Hi, I'm test calculating aggregates and looking for pointers for improving query performance (atm im 33x slower than with similar queries in sql). My queries group by a parent, make a few joins to reach children and check existence or inexistence of attribute along the way. sql super small dataset 30ms:

select p.id, count(c3.id) from parent p
join child1 c1 on c1.parentId = p.id and c1.someColumn is not null
join child2 c2 on c2.child1Id = c1.id and c2.someColumn is null
where p.id = 1
group by p.id
order by count(distinct c3.id) desc
limit 0,10;
datalog super small dataset ~1000ms:
'{:find [p (count c3)]
       :in [p]
       :where [[c1 :c1/p p]
               [c1 :c1/c2 c2]
               (not [c2 :c2/attribute])
               [c3 :c3/c2 c2]
               [c3 :c3/attribute1]
               (not [c3 :c3/attribute2])]
       :order-by [[(count c3) :desc]]}
       :offset 0
       :limit 10
I'm expecting 50-100x more data what would mean I'd eather have to change my datamodel to not depend on :c/some-attribute checks, require less joins, design my ui in a way that you would "start generating" a report and get notified when its ready or just precalculate values / add another data store for these types on queries

Tuomas11:11:16

I'm not sure but it seems like a custom aggregate helps

(defmethod xtdb.query/aggregate 'count-c3 [_]
  (fn
    ([] 0)
    ([acc] acc)
    ([acc x]
     (let [c3 (xt/entity (xt/db @node) x)]
       (if (and (:c3/attribute1 c3)
                (not (:c3/attribute2 c3)))
         (inc acc)
         acc)))))

refset00:11:31

Hey, so not rules are definitely not free, although you might get some speed up if you change them both to be not-join instead

'{:find [p (count c3)]
       :in [p]
       :where [[c1 :c1/p p]
               [c1 :c1/c2 c2]
               (not-join [c2] [c2 :c2/attribute])
               [c3 :c3/c2 c2]
               [c3 :c3/attribute1]
               (not-join [c3] [c3 :c3/attribute2])]
       :order-by [[(count c3) :desc]]}
       :offset 0
       :limit 10
I think your idea to use a custom aggregate is here is pretty great though - probably the best solution 🙂 and very novel (to me at least!)

refset00:11:43

which SQL engine are you comparing against?

refset00:11:10

in general though, an atemporal and row-oriented query engine will have some fundamental advantages for ~optimally handling this kind of query

refset00:11:21

oh, you could also store explicit nil values to avoid the not rules in the query

Tuomas06:11:31

Yeah I did compare not and not-join earlier and thought not was faster, but after putting some thought to benchmarking I got opposite results.

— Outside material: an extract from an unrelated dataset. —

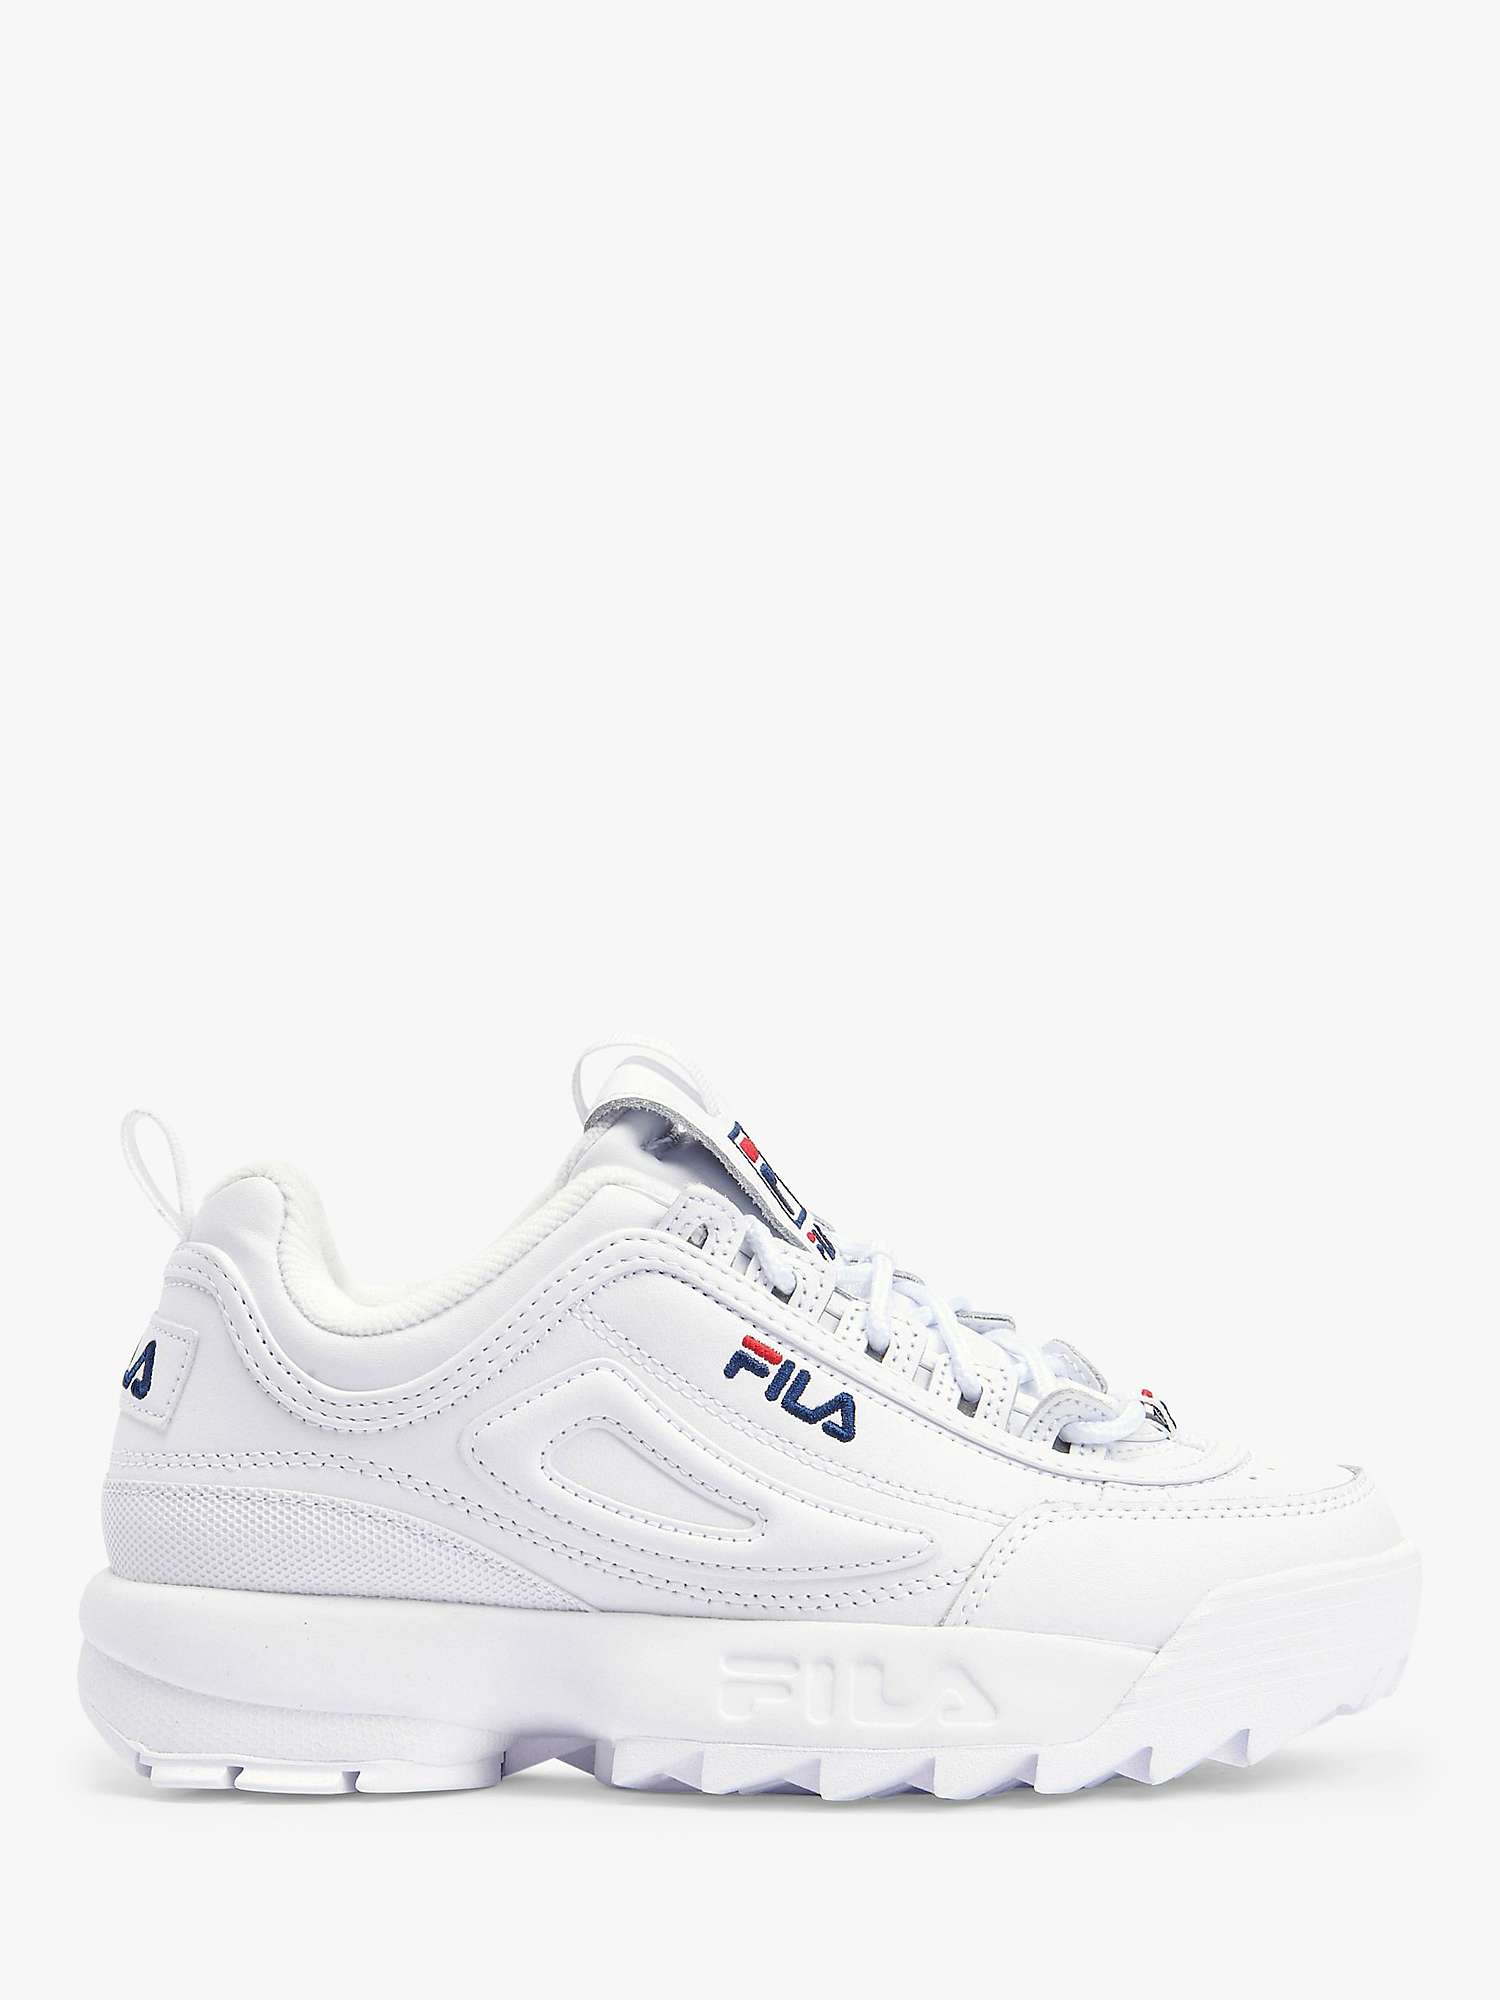 Fila Disruptor Leather Trainers, White at John Lewis & Partners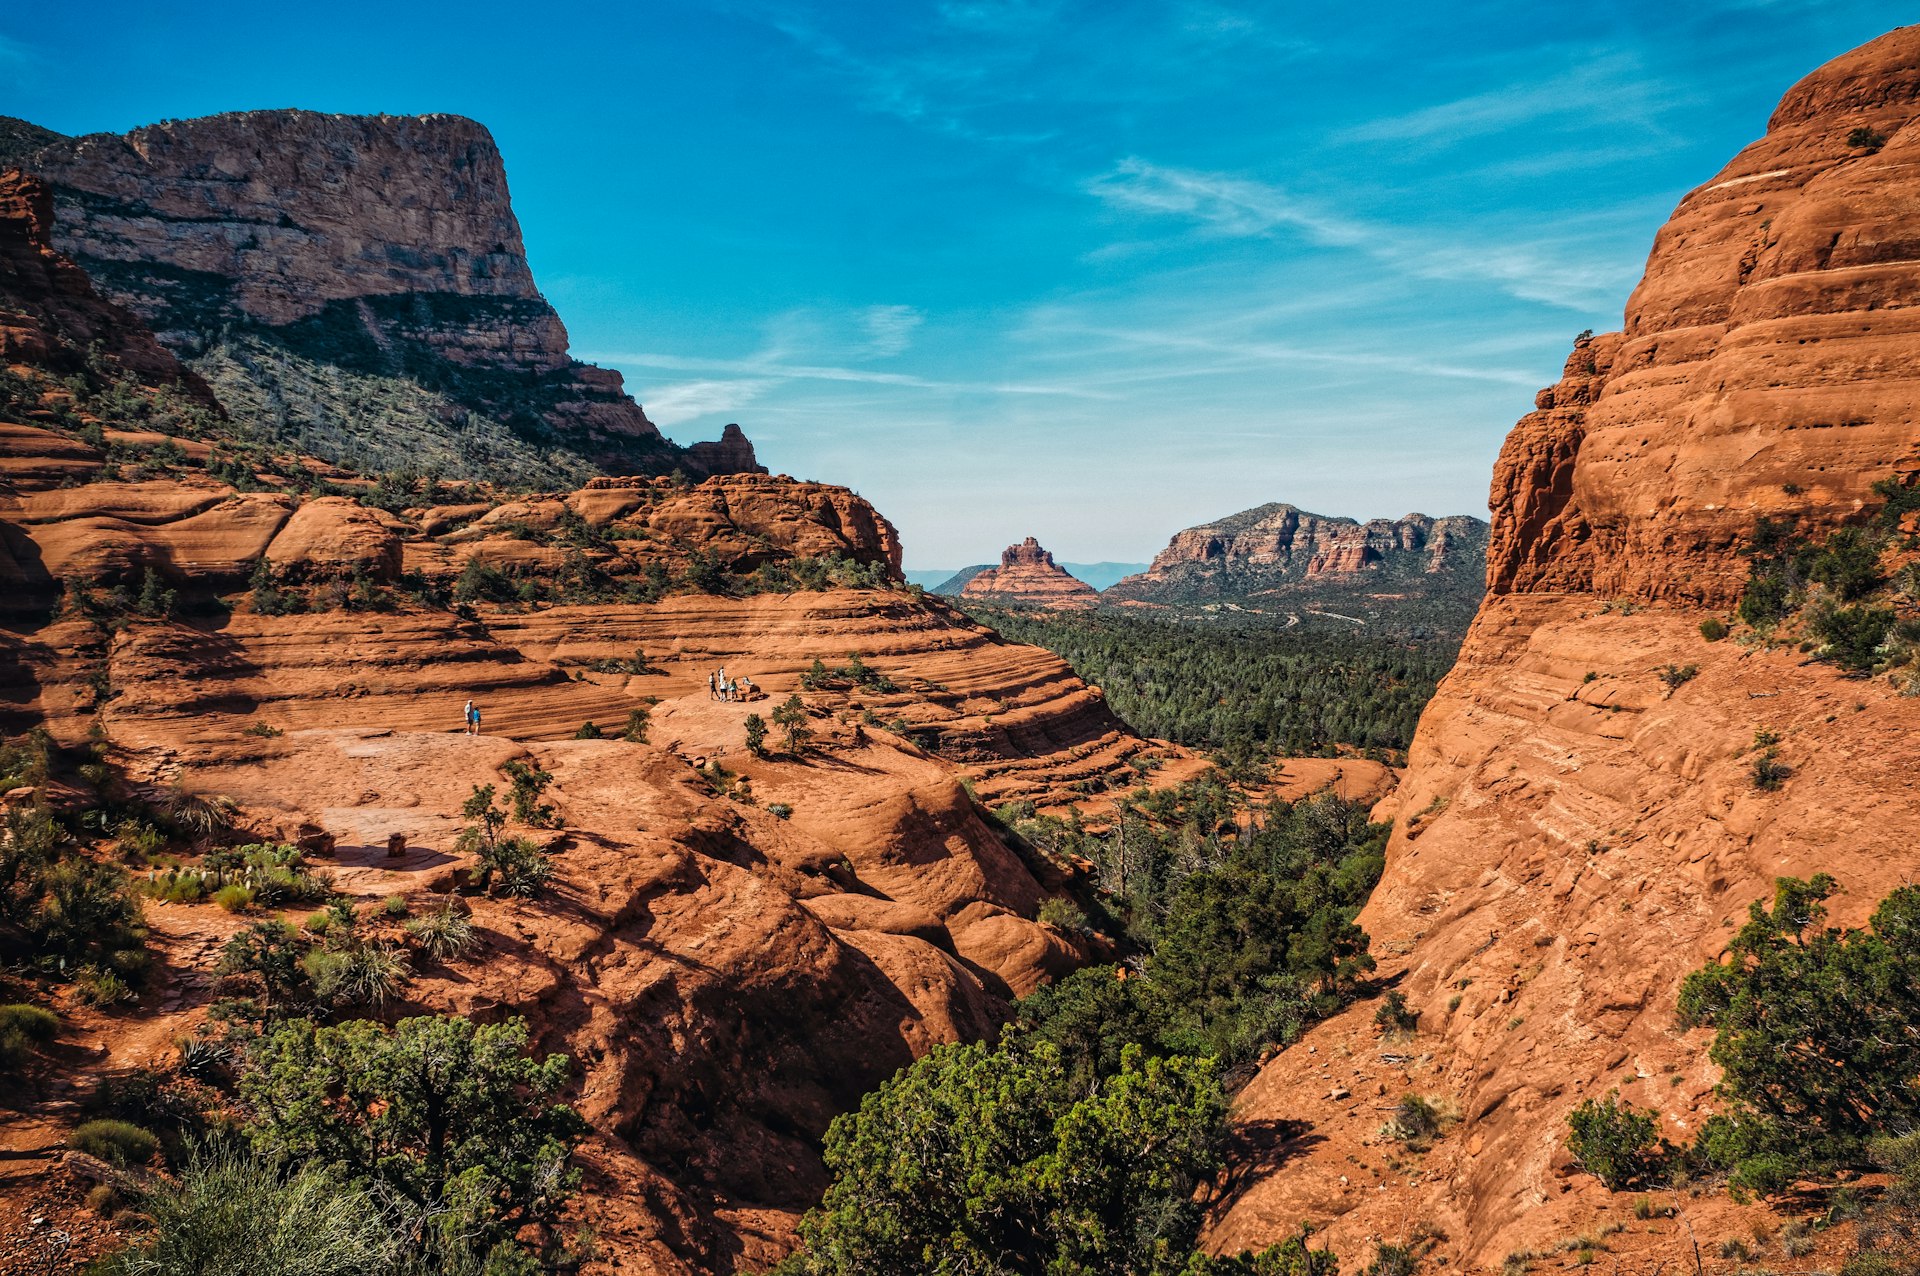 500px Photo ID: 91295713 - Taken while hiking the red rocks of Sedona. One of my favorite spots on the earth.

I got down from 1000ms to 730ms using not-join and custom aggregate for c3. I also tried using a custom aggregate at c2 level and pulling for c3 data but got worse performance. About explicit nil values. Are you suggesting that on usually [e :a nil] is more performant than (not-join [e] [e :a]) ? Also seeing that not-join provides better perf I'm wondering why would you ever prefer not over not-join?

Tuomas07:11:43

I tried getting rid of not-join with a custom predicate function and that seems to help. Down to ~650ms

(defn c2-without-attribute->c3 [c2eid]
  (let [c2 (xt/entity (xt/db @node) c2eid)]
    (when (not (:c2/attribute c2))
      (:c2/c3 c2))))

[(product.core/c2-without-attribute->c3 c2) c3]
Oh yeah and MySQL 5.7.12 is around 30-40ms

refset08:11:46

> Are you suggesting that on usually `[e :a nil]` is more performant than `(not-join [e] [e :a])` ? Yes, but only because of how queries execute, because not-join will fully materialize an intermediate result set (because it's really a subquery, and its result set then gets sorted before returning), whereas [e :a nil] will participate in the lazy evaluation

refset09:11:11

not-join may not always be faster than not, but it really helps to have clearer scoping when sanity checking performance, in my experience

refset09:11:47

try doing it as a custom predicate function like this:

(defn c2-without-attribute->c3 [db c2eid]
  (when (not (ffirst (xt/q db {:find [c2] :in [e] [[e :c2/attribute c2]]} c2eid)))
    (ffirst (xt/q db {:find [c3] :in [e] [[e :c2/c3 c3]]} c2eid)))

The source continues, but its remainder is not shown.